2013-09-16 08:12:16Morris

[UVA][dp] 11125 - Arrange Some Marbles

Problem H
Arrange Some Marbles
Input: Standard Input

Output: Standard Output

 

you are given some marbles of n different color. You have to arrange these marbles in a line. The marbles adjacent with same color form a group. In each group there can be 1 to 3 marble. Adjacent group should have different color and size. The first and last group also should have different color and size. You are given the number of each of these n marbles.
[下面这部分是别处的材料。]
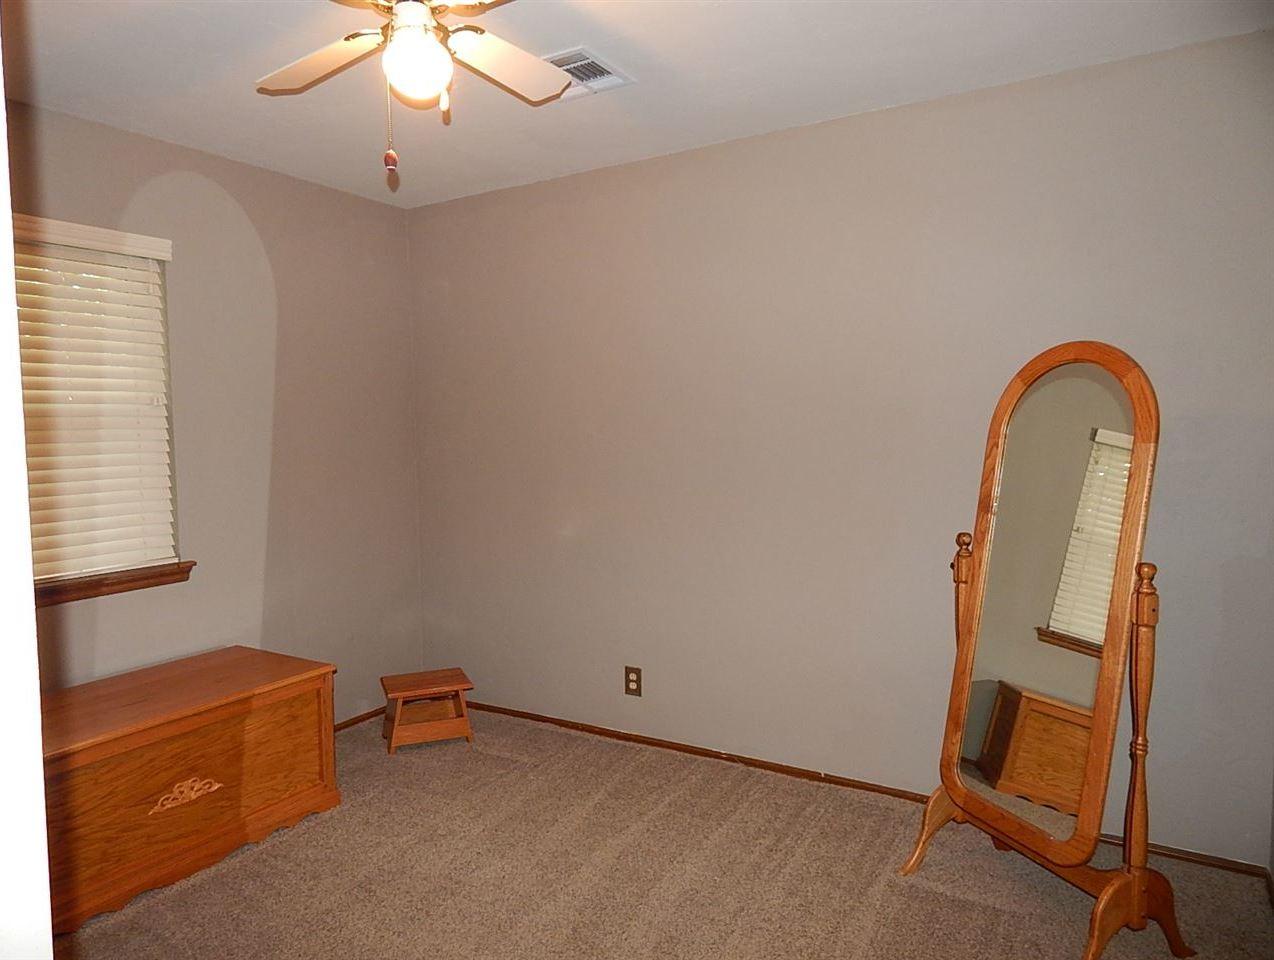 Sold Cross Sale W/ MLS | 2721 Wintergreen Ponca City, OK 74604 23
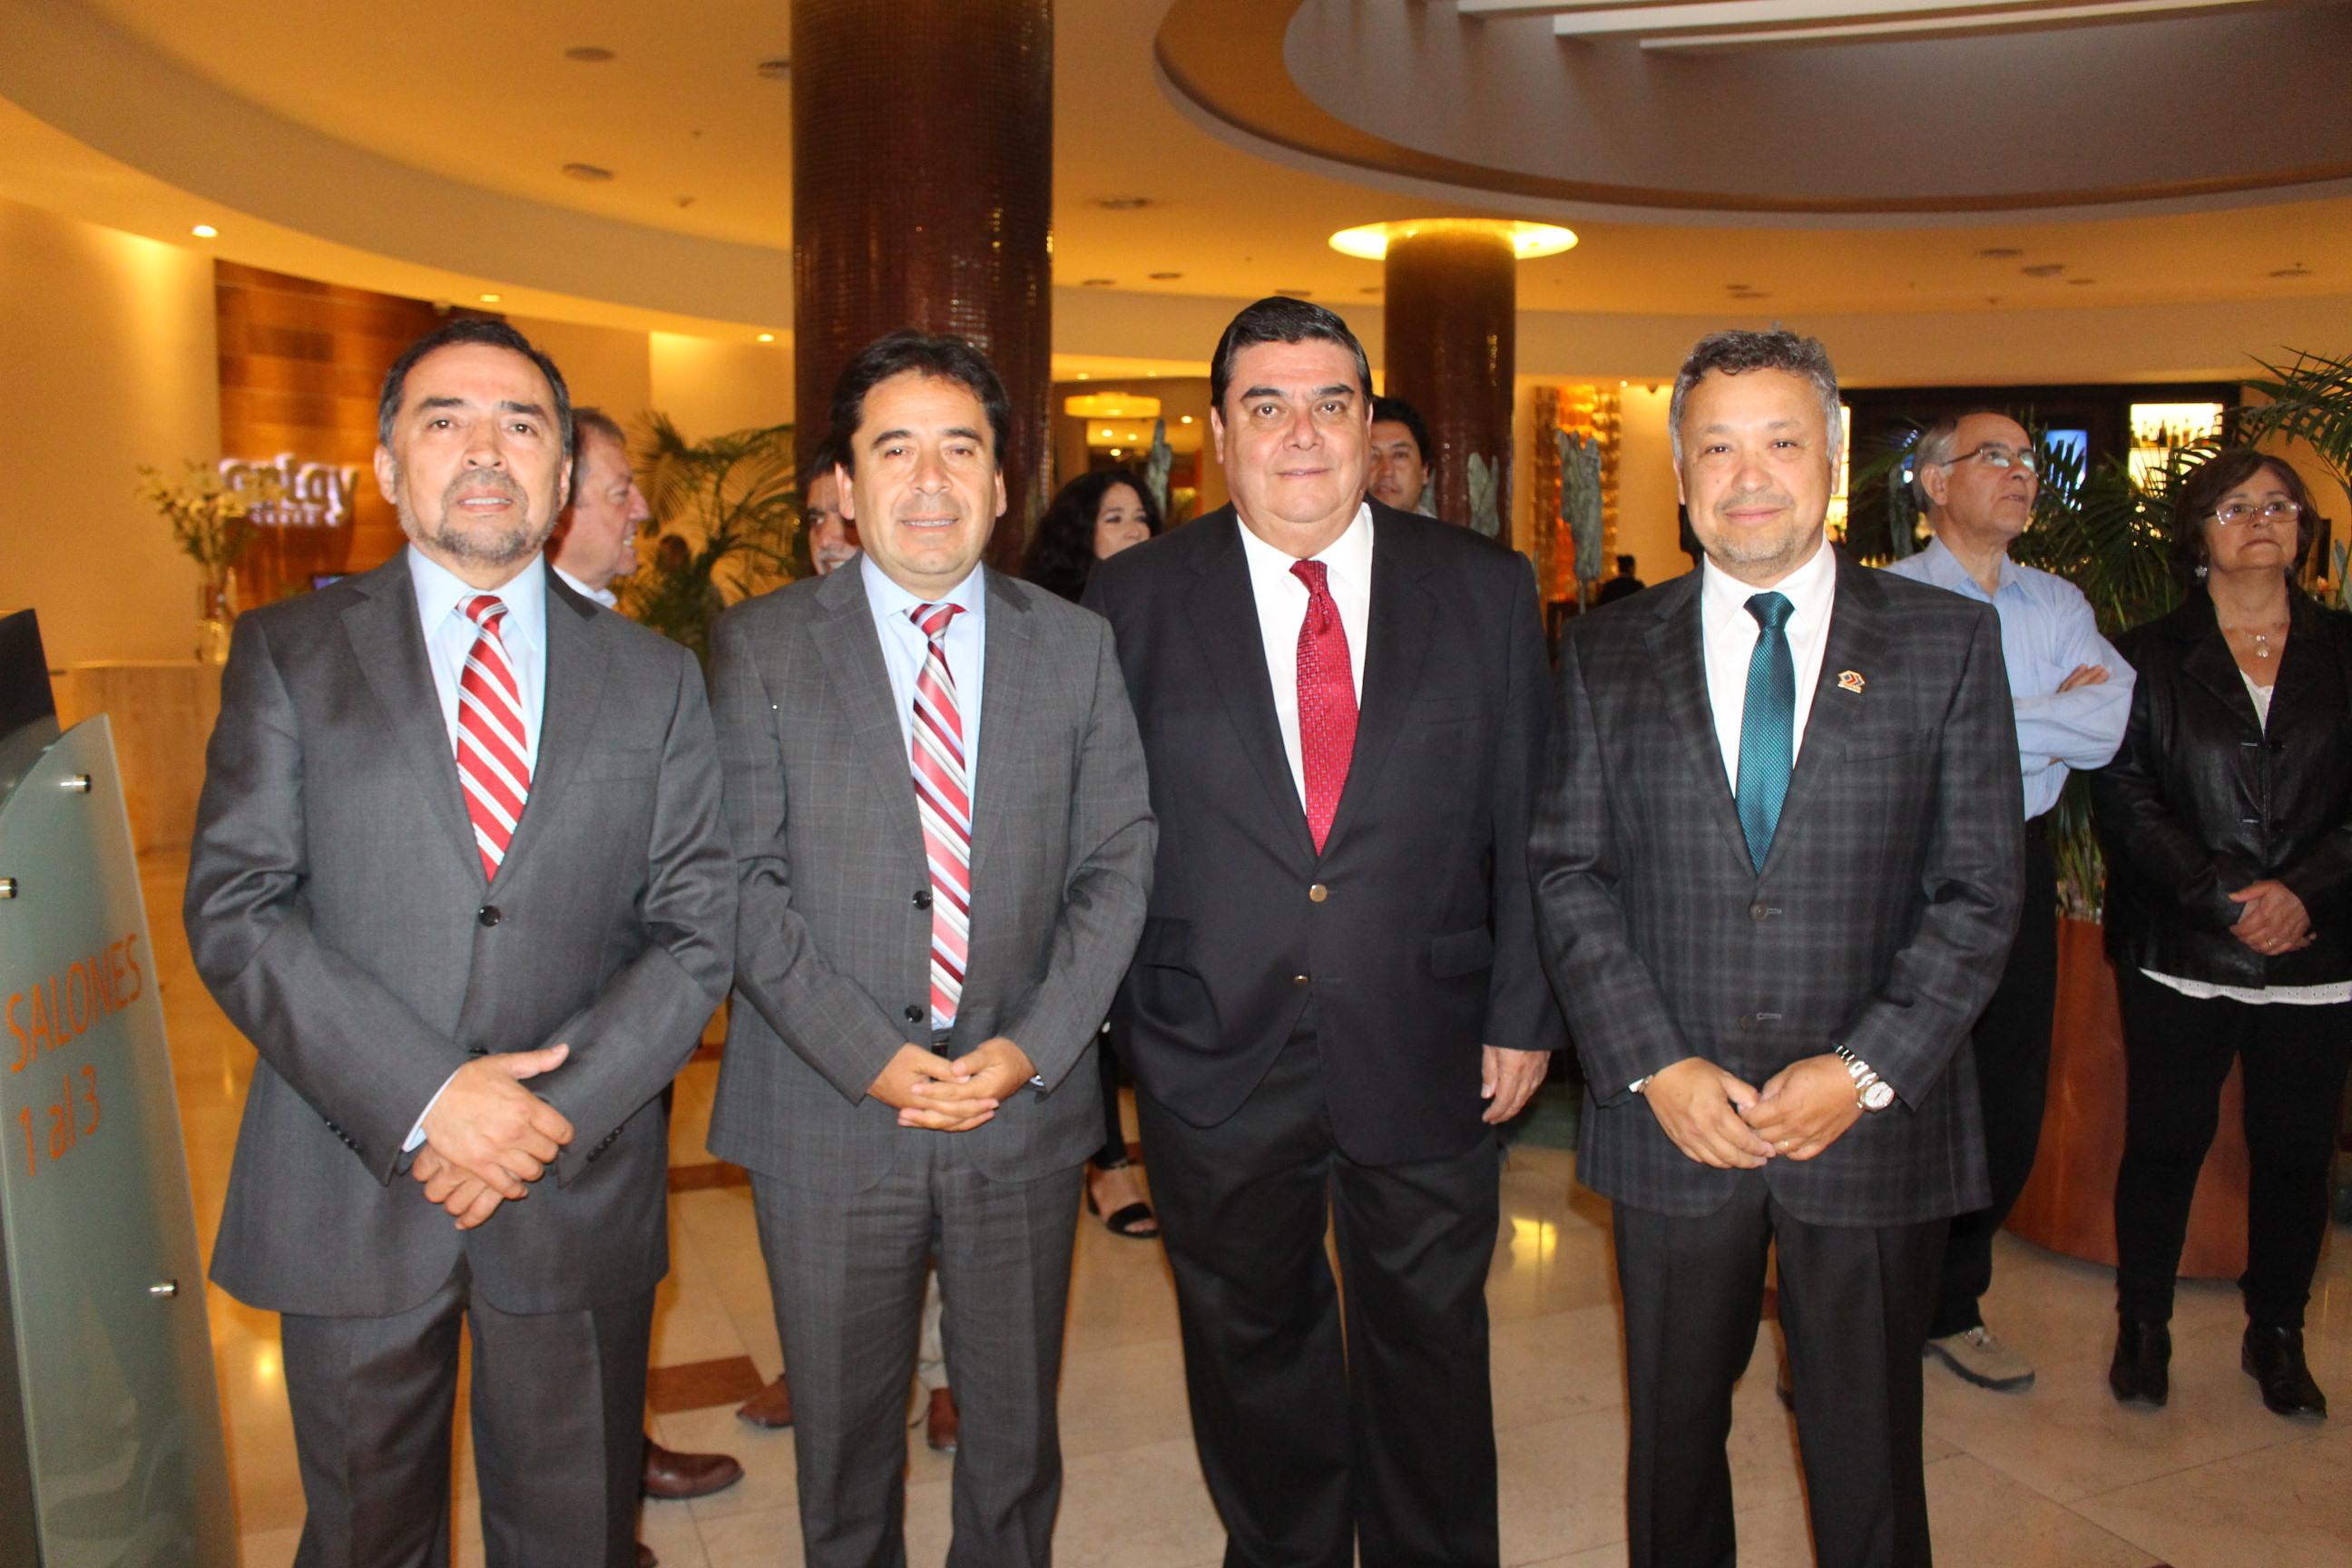 Corproa inaugura Forede con mensaje optimista y propositivo

You have count the number of ways you can arrange them in a line maintaining the above constraints. For example you have 4 red marbles and 4 green marbles. You can arrange them in the following 8 way  - GGGRRGRR, GGRGGRRR, GGRRRGGR, GRRGGGRR, RGGRRRGG, RRGGGRRG, RRGRRGGG, RRRGGRGG.

 

Input

Input contains multiple number of test cases. The first line contain the number of test cases t (t<3000). Each of the next line contains one test case. Each test case starts with n (1 ≤ n ≤ 4) the number of different color. Next contains n integers. The i'th integer denotes the number of marble of color i. The number of marbles of any color is within the range 0..7 (inclusive). The color of the marbles are numbered from 1 to n.

 

Output

For each test case output contains one integer in one line denoting the number of ways you can arrange the marbles.

 

Sample Input                          Output for Sample Input

6

2 3 3

2 4 4

2 6 6

3 3 4 5

3 4 5 6

4 2 3 4 5

 

0

8

12

174

1234

1440

 


Problem-setter: Abdullah al Mahmud

Special Thanks: Mohammad Sajjad Hossain

題目描述:

每次放置相同顏色的彈珠,每團最多 1~3 顆,且相鄰不可同色,同時最後一團與第一團的顏色和個數都要不同。

給定每種顏色的彈珠個數,問有多少種排列方法。

題目解法:


由於最多四種顏色,每種最多 0~7 顆。

因此狀態有 8*8*8*8。

又考慮第一團與最後一團的顏色個數,因此多 *8*4*8*4。

每次考慮在排列中的最前方增加新的一團。

#include <stdio.h>
#include <string.h>
#include <algorithm>
using namespace std;
int dp[8][8][8][8][4][3][4][3];
int dfs(int n[], int bcolor, int bsize, int lastcolor, int lastsize) {
    //printf("%d %d %d %d\n", n[0], n[1], n[2], n[3]);
    if(n[0]+n[1]+n[2]+n[3] == 0) {
        return bcolor != lastcolor && bsize != lastsize;
    }
    if(bcolor != -1 && dp[n[0]][n[1]][n[2]][n[3]][bcolor][bsize][lastcolor][lastsize] != -1)
        return dp[n[0]][n[1]][n[2]][n[3]][bcolor][bsize][lastcolor][lastsize];
    int ret = 0;
    int i, j;
    for(i = 0; i < 4; i++) {
        if(i == bcolor)    continue;
        for(j = 1; j <= 3; j++) {
            if(j-1 == bsize)    continue;
            if(n[i] < j)        continue;
            n[i] -= j;
            if(bcolor == -1)
                ret += dfs(n, i, j-1, i, j-1);
            else
                ret += dfs(n, i, j-1, lastcolor, lastsize);
            n[i] += j;
        }
    }
    if(bcolor != -1)
        dp[n[0]][n[1]][n[2]][n[3]][bcolor][bsize][lastcolor][lastsize] = ret;
    return ret;
}
int main() {
    memset(dp, -1, sizeof(dp));
    int testcase;
    int i, j, k, n, c[4];
    scanf("%d", &testcase);
    while(testcase--) {
        scanf("%d", &n);
        for(i = 0; i < n; i++)
            scanf("%d", &c[i]);
        for(i = n; i < 4; i++)
            c[i] = 0;
        int ret = dfs(c, -1, -1, -1, -1);
        if(c[0]+c[1]+c[2]+c[3] == 0)
            ret = 1;
        printf("%d\n", ret);
    }
    return 0;
}